Is anyone else having trouble finding a calcium supplier at the moment? Everywhere seems to be out and every other company in our area is out. We usually order 20-30 pallets per delivery. If anyone has a supplier let me know!


----------



## MatthewG (Jun 16, 2009)

You can thank the mechanical failure on a cargo ship for the non existence supply, at least that's the letter I got from the one supplier, just use a blend, customers don't know the difference


----------



## Dooleypyne (Jan 25, 2012)

What blend are you using and where are you getting it from?


----------



## MatthewG (Jun 16, 2009)

Just generic magic salt, there is a local supplier of palatalized salt, Northeast Chemical in Lansford PA, too far for you problably


----------



## kthunter33 (Mar 1, 2010)

4-winds Concrete in Hellertown, PA has Calcium.

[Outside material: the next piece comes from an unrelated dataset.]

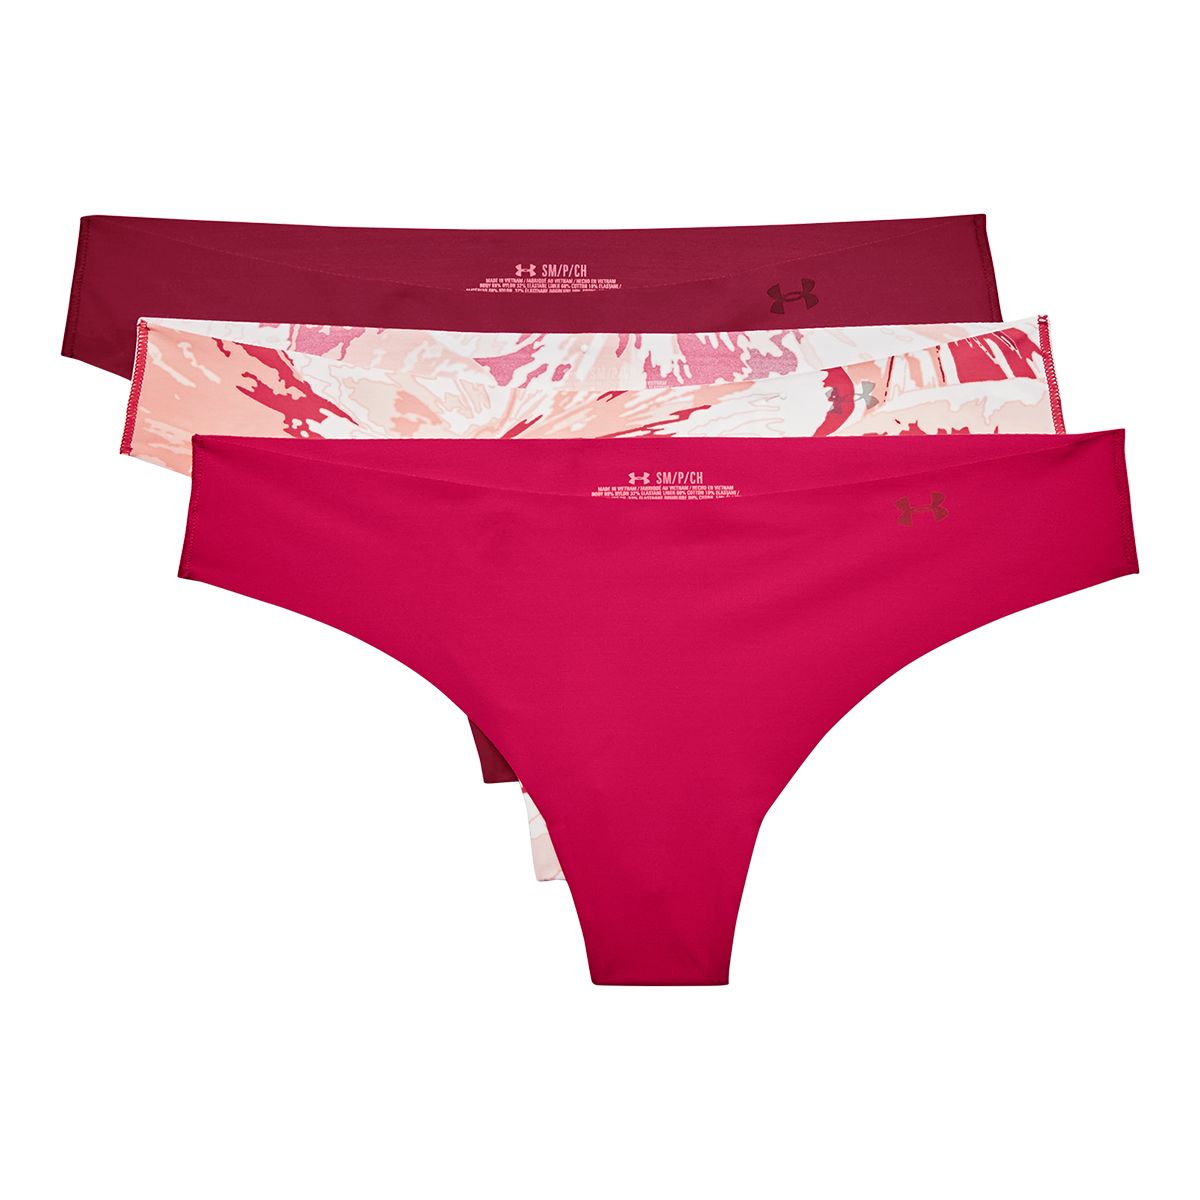 New Balance Women's Hybrid Soft Jersey mesh Panels Thong Underwear (Pack of  1)

I just picked up 25 bags from them a few days ago and they have a stock pile of pallets. The stuff is tetra calcium flake. Works really well but is real dusty.... Phone # is 484-241-5579. Hope this helps!!


----------



## Dooleypyne (Jan 25, 2012)

We finally got a couple of truckloads in so we r in good shape at the moment. Thumbs Up


----------